Hello, everyone! My name is Maxim Bogun. I am a QA Automation Engineer at Wirex, a UK-based fintech company. We offer our clients the ability to use a debit card, linking it with cryptocurrency or traditional money, and paying for goods and services. So, the main part of my job is to test the functionality related to the card transactions.

For example, a user from France can add a Bitcoin account to a Wirex card, travel to Japan and pay with the card in a local subway, and the account will be debited with the equivalent of Yens in Bitcoins. So, let me tell you briefly what these transactions are, how they are performed, and how to automate the testing of financial transaction processing.

Before we start, I'd like to highlight a bit of the terminology:

  • Fiat currencies are traditional monies that exist in the real world and are generally accepted as a source of exchange, such as the dollar, euro, yen, etc. Such currencies have a central issuer, such as the state central bank.
  • Cryptocurrencies are virtual currencies that, unlike traditional money, often have no central issuer and are based on a distributed ledger (blockchain) like Bitcoin, Ethereum, or a centralized ledger, for example, stablecoins like Tether.
  • Visa and Mastercard are international payment systems that control 3/4 of all plastic cards in the world.
  • A POS terminal is a device with an NFC chip at a store's checkout, which processes cashless payments made via a customer's card or a gadget.
  • Acquirer (recipient) is a bank or other financial institution that makes mutual payments between sellers who accept cashless cards via POS terminals. The acquirer is the final recipient of the transaction.

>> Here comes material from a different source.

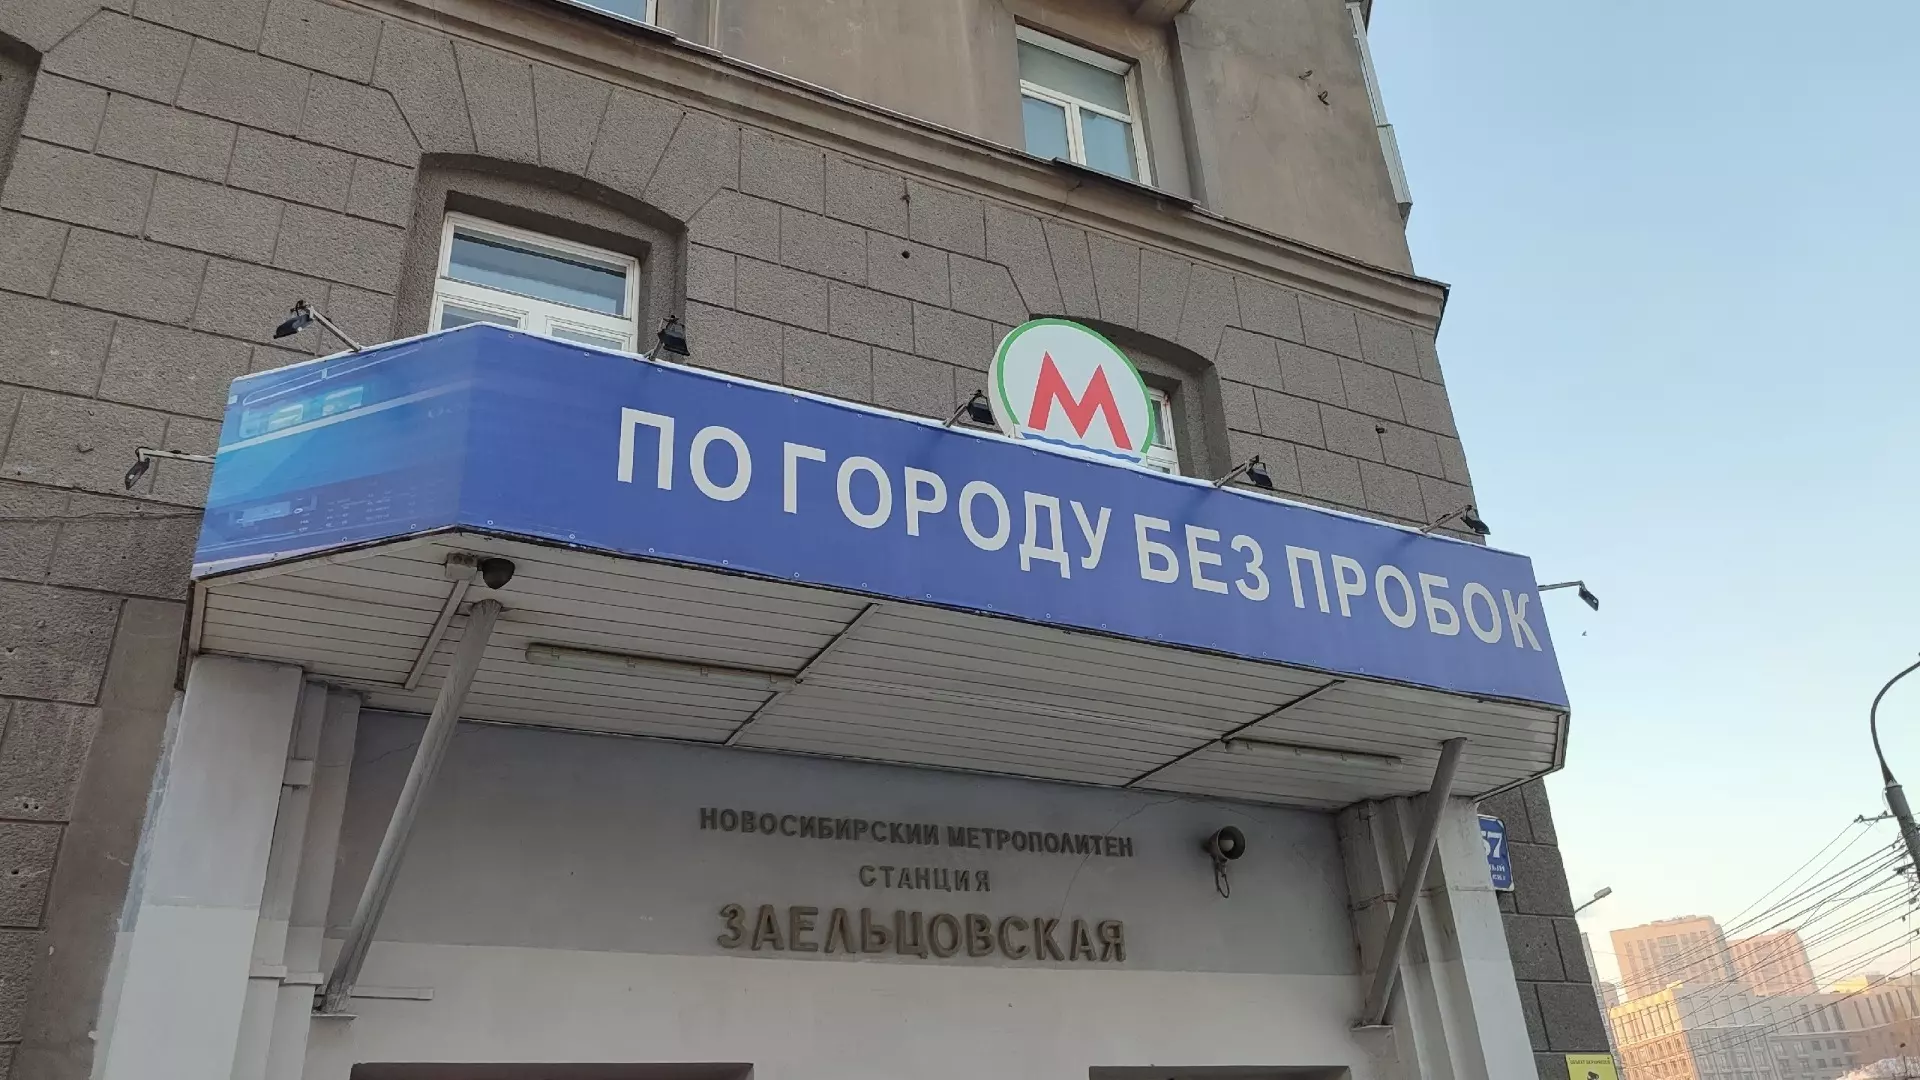 Сейчас денег на строительство метро у Новосибирска нет
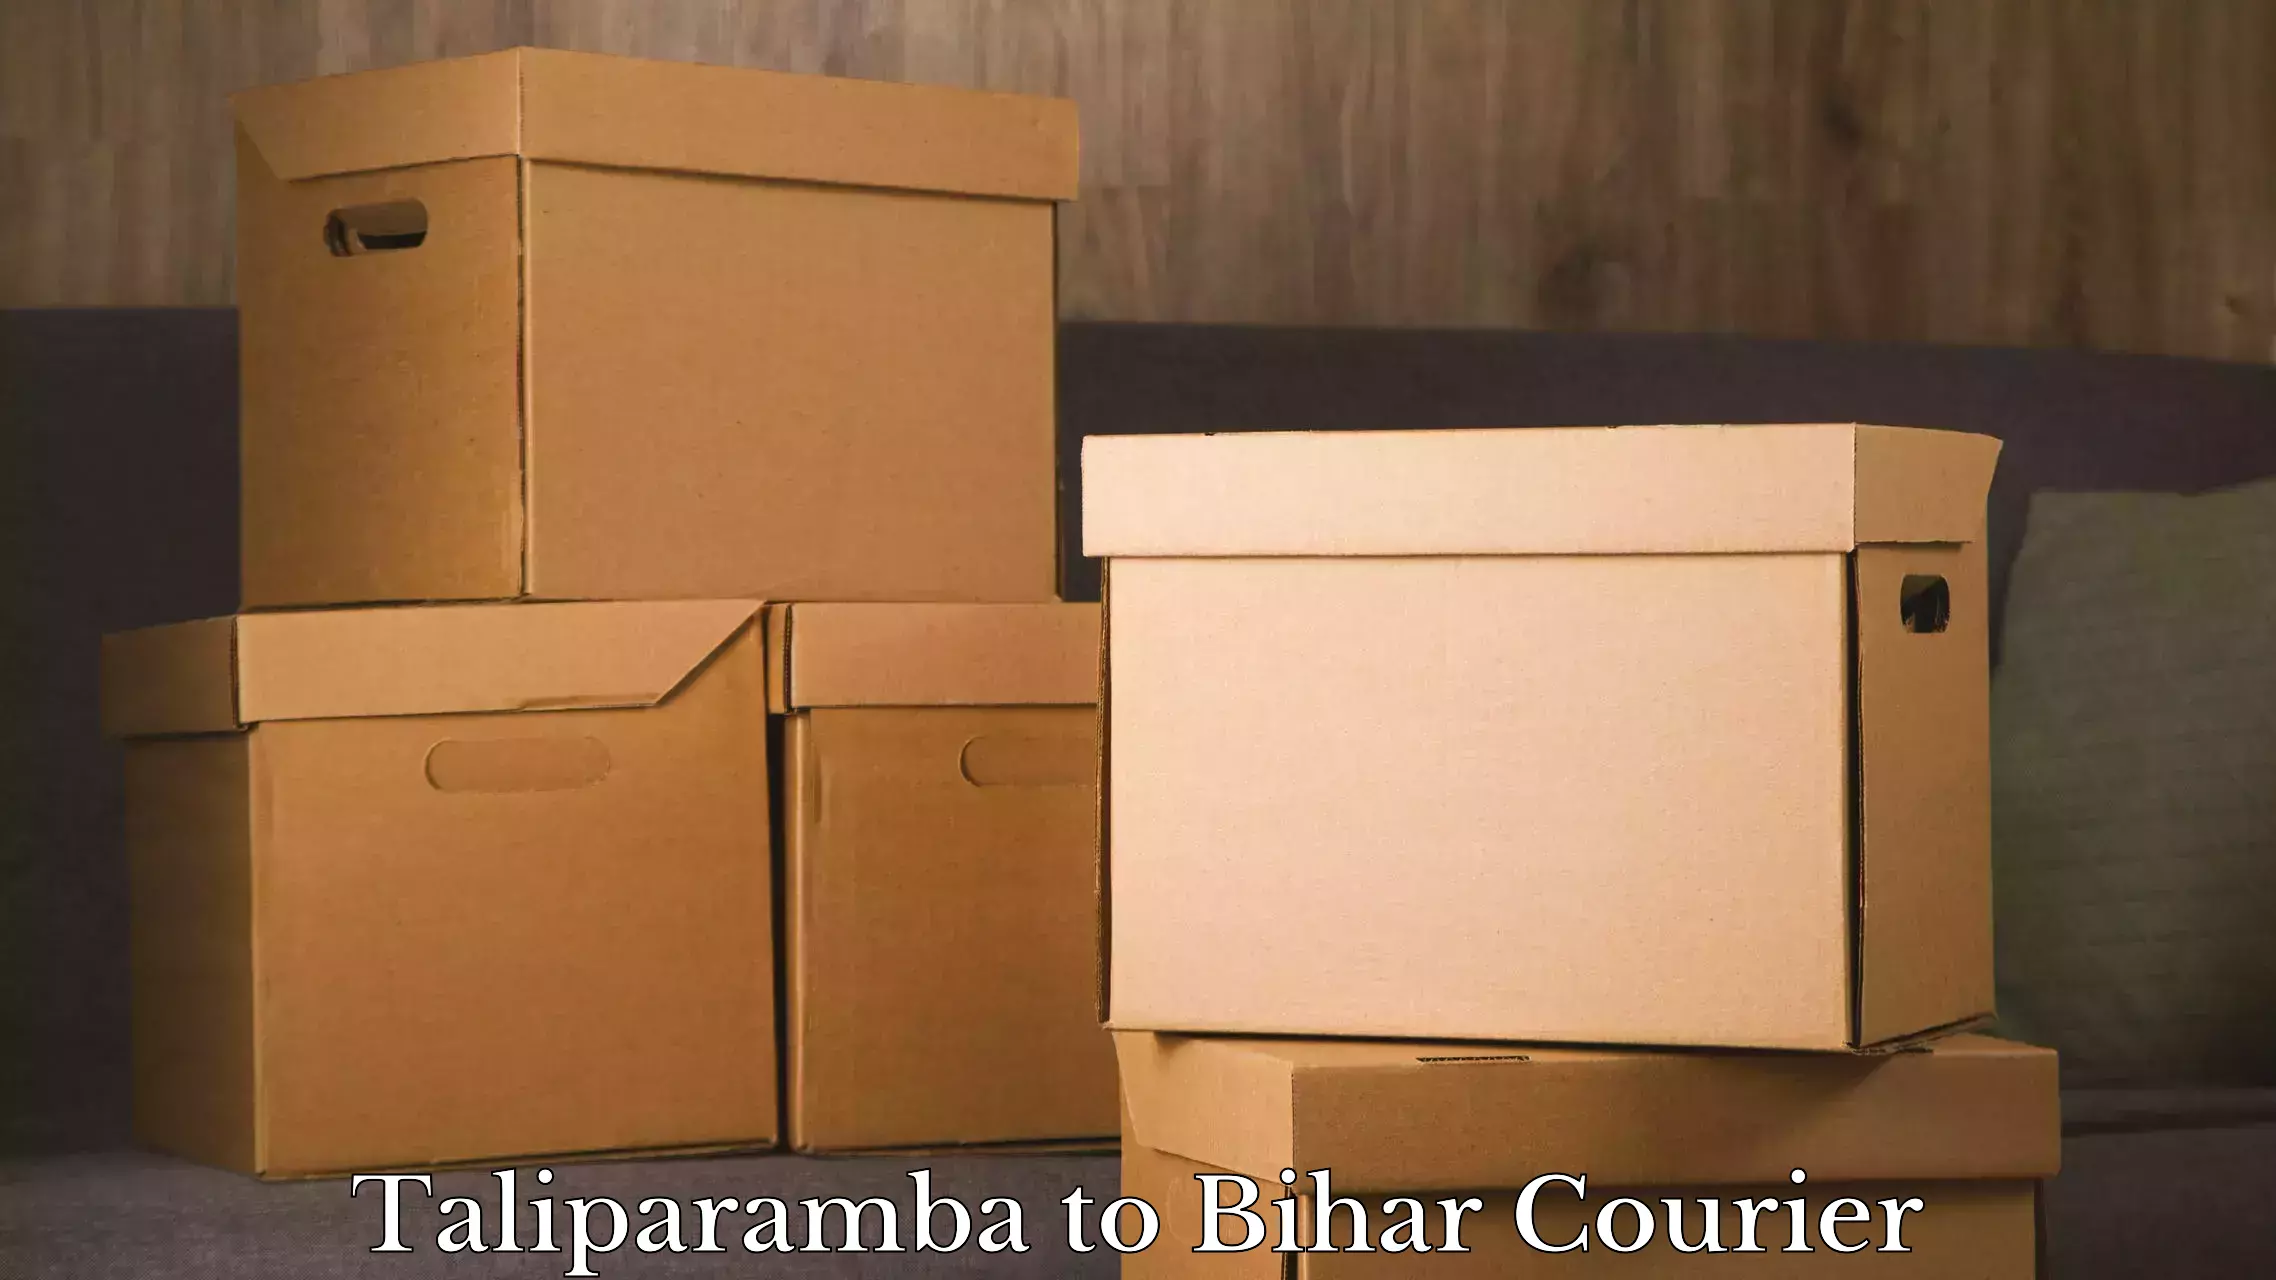 Luggage transport company Taliparamba to Dinara

A few thousand years ago, financial transactions were much more straightforward - ancient people grew grain, someone went hunting. Then they conditionally exchanged meat for bread, and such a barter system of mutual settlements worked for a while.

But what if the hunter no longer needed so much grain? Here, the fiat money comes into the spotlight. Fiat money is a universal means of exchange, which, thanks to the social contract, made it possible to disconnect buying and selling processes in time. In other words, with the invention of fiat money, people had the opportunity to sell their grain, put the money in their pockets, and spend it when needed instead of immediately and pointlessly exchanging grain for other goods. The production of fiat money, which is known as a national currency, is made by federal governments.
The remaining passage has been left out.